- **WORK TASK**
Your answer must be an exact copy of the listing, with the images left out.

- **INFORMATION PROVIDED**
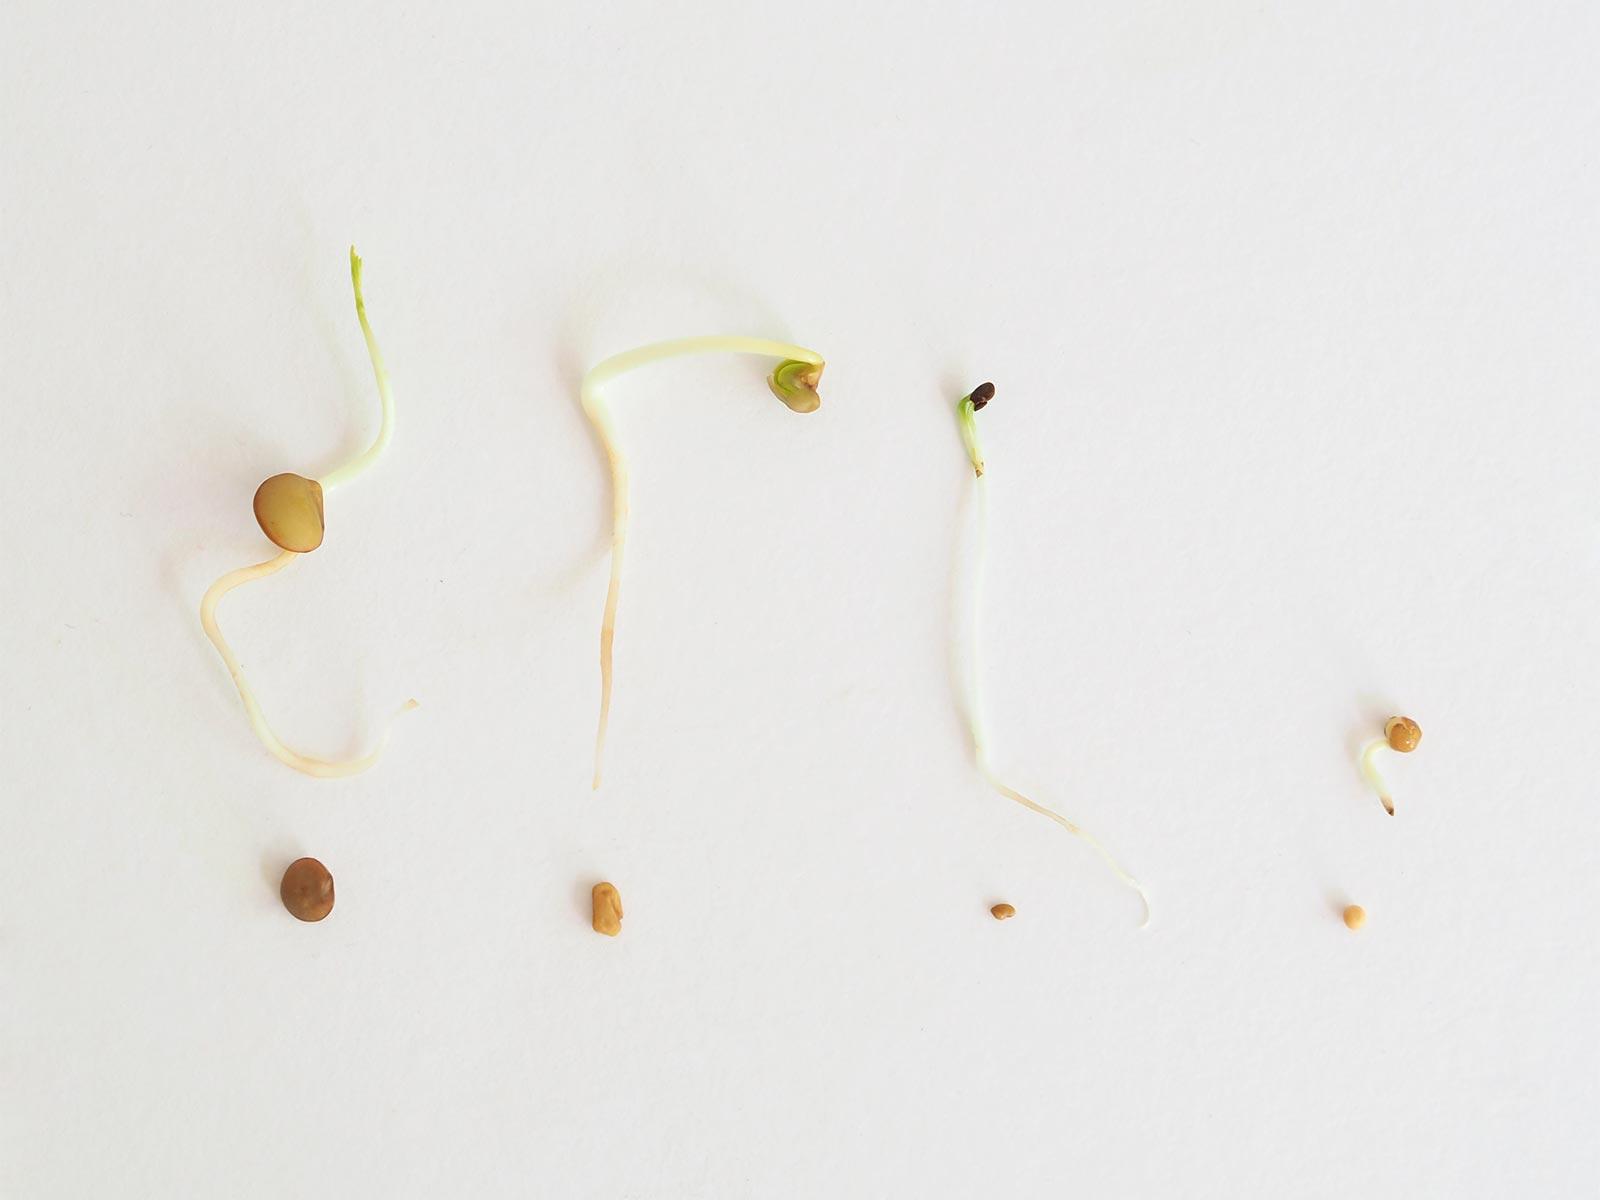 comparaison-graines-germes-bio-moutarde-lentilles-fenugrec-alfalfa-jour-4
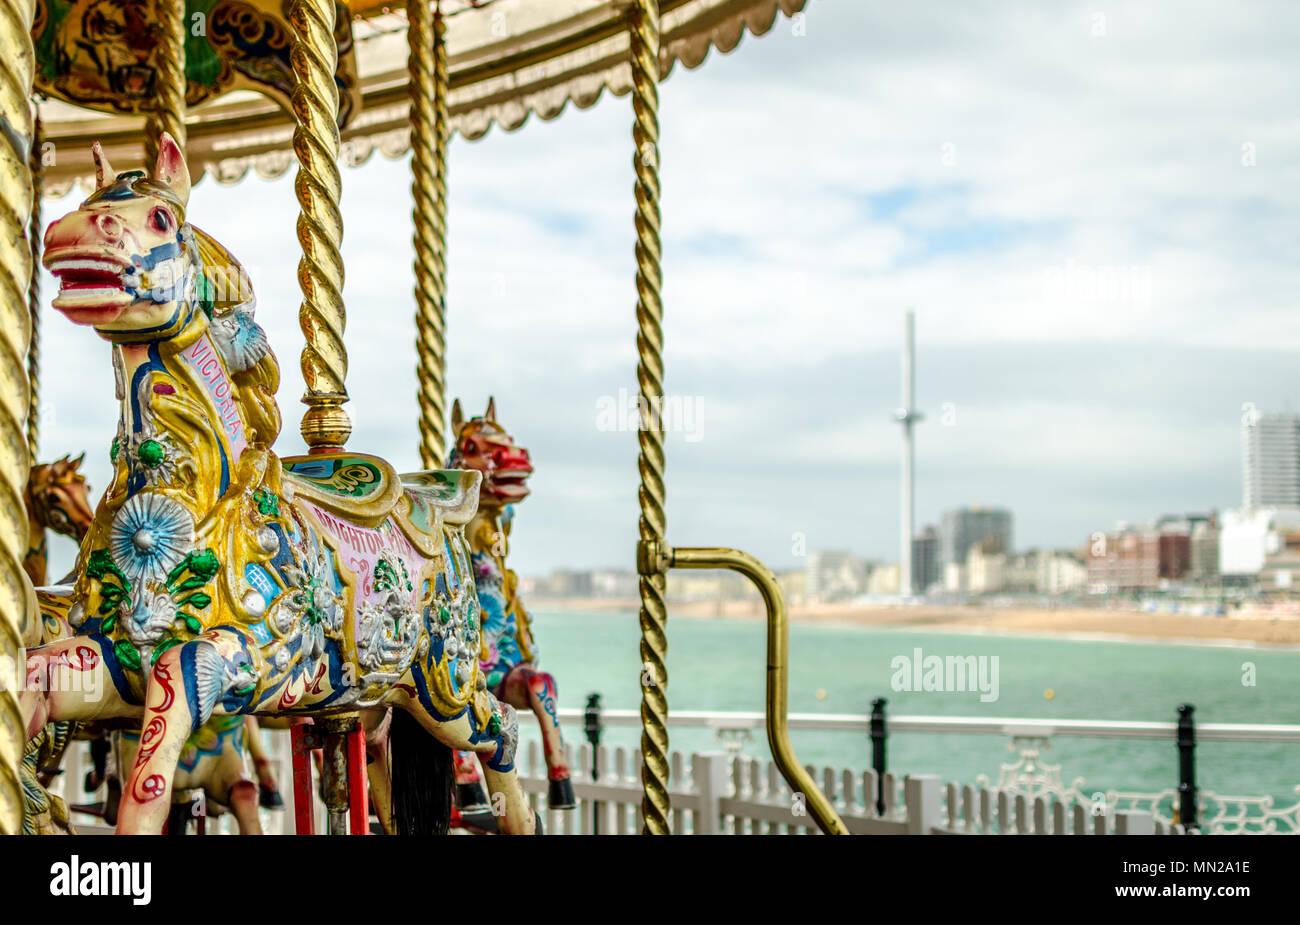 Eine Ansicht von Brighton Pier mit den traditionellen Pferd Karussell auf dem Pier und dem British Airways ich 360 Aussichtsturm in der Ferne. Stockbild
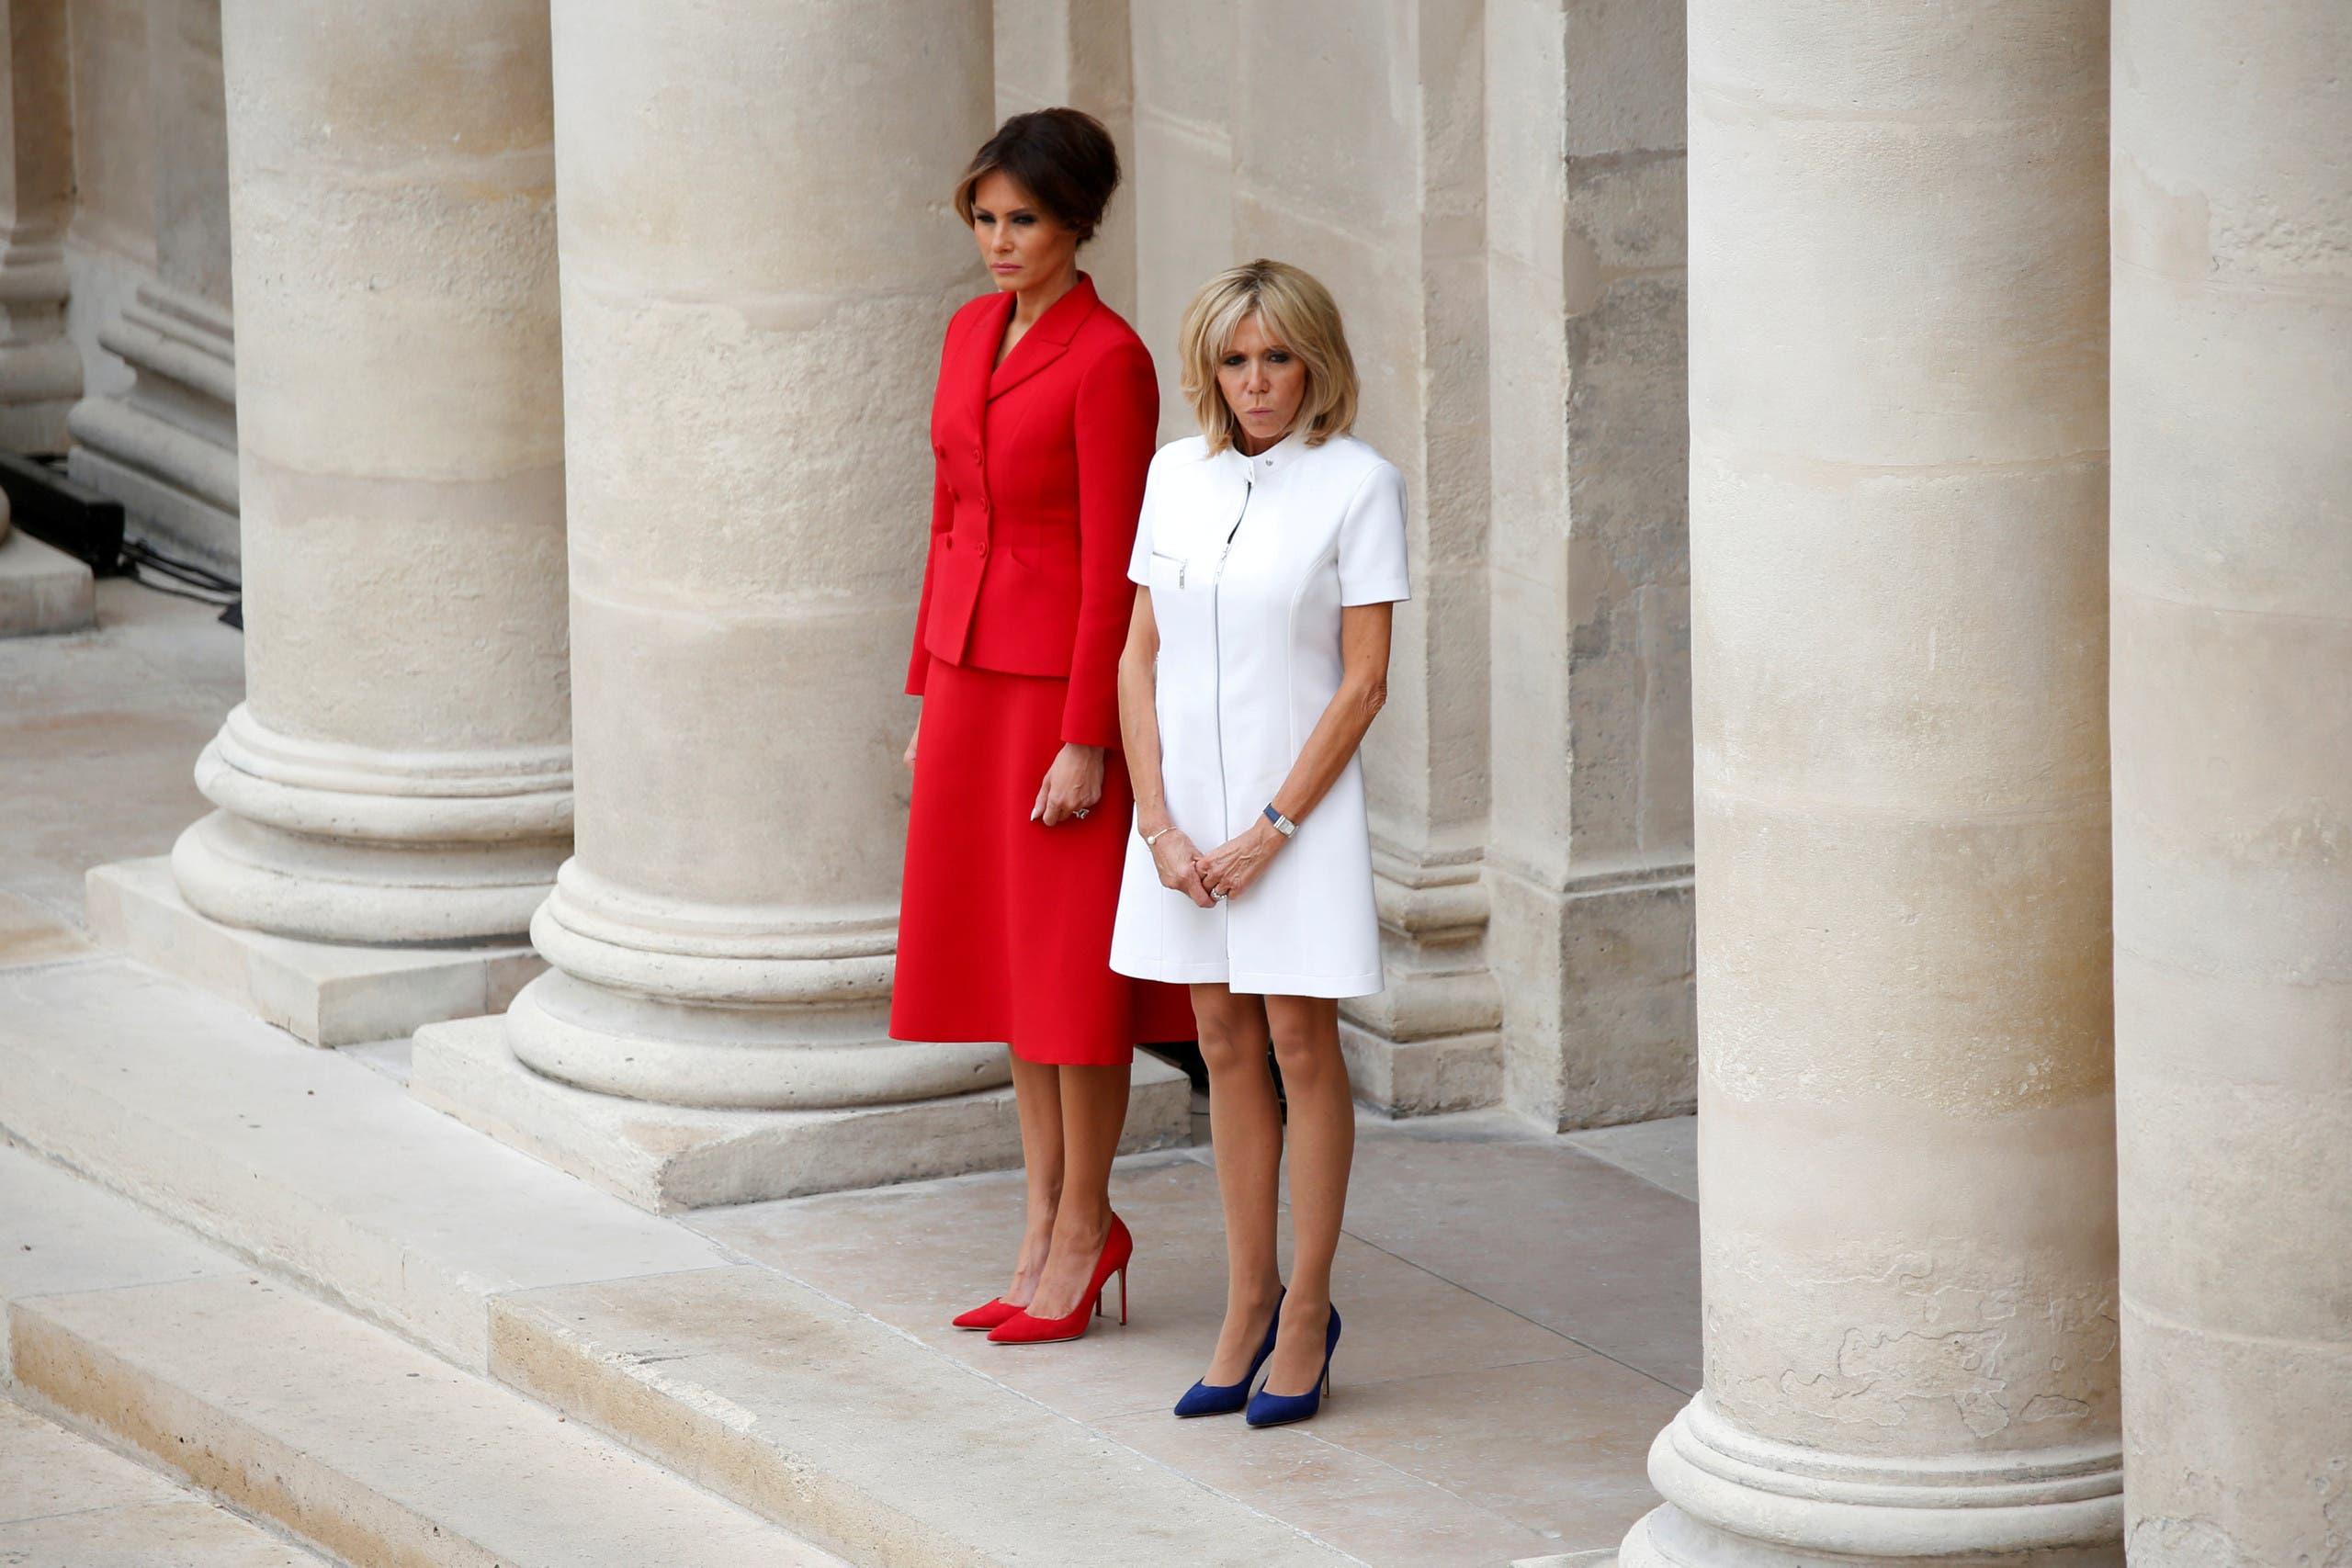 بريجيت وميلانيا ترمب خلال زيارة الرئيس الأميركي وزوجته لفرنسا في يوليو الماضي
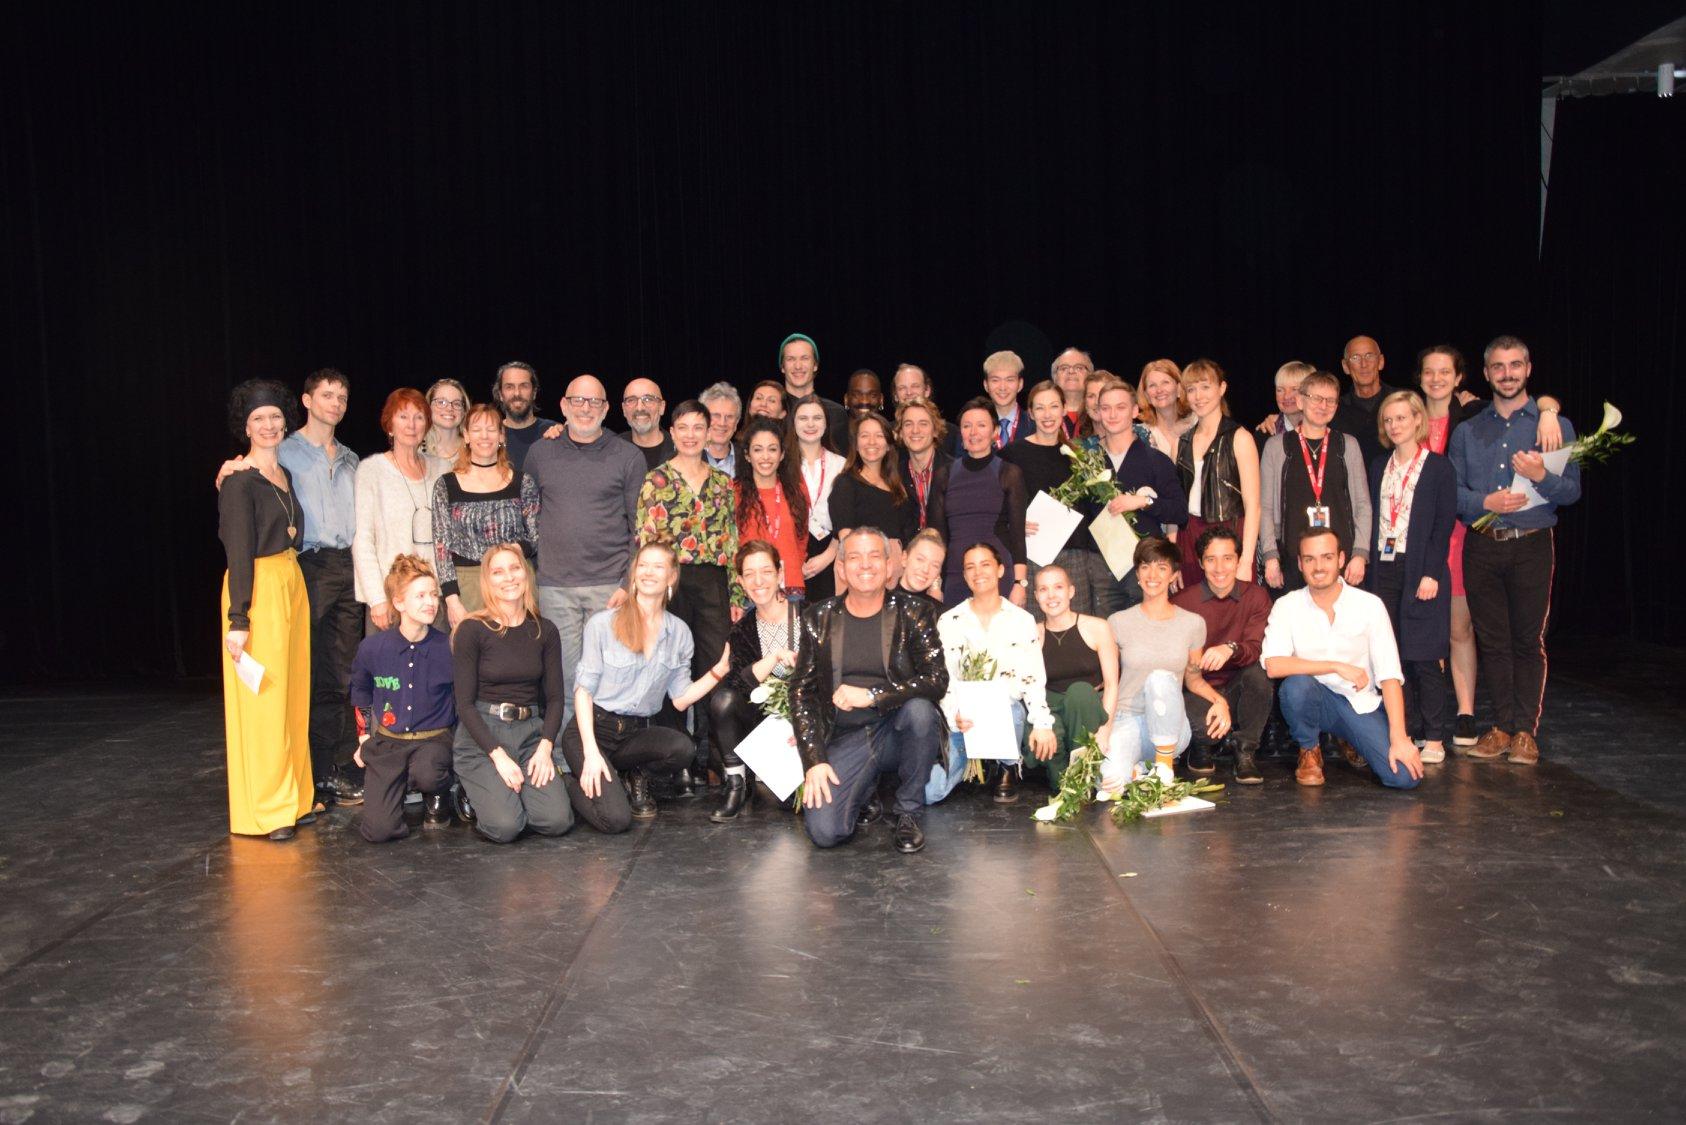 Teilnehmer/innen des 23. Solo-Tanz-Theater Festivals

- **RESULT FOR THIS EXERCISE**
 comparaison-graines-germes-bio-moutarde-lentilles-fenugrec-alfalfa-jour-4
 Eine Ansicht von Brighton Pier mit den traditionellen Pferd Karussell auf dem Pier und dem British Airways ich 360 Aussichtsturm in der Ferne. Stockbild
 بريجيت وميلانيا ترمب خلال زيارة الرئيس الأميركي وزوجته لفرنسا في يوليو الماضي
 Teilnehmer/innen des 23. Solo-Tanz-Theater Festivals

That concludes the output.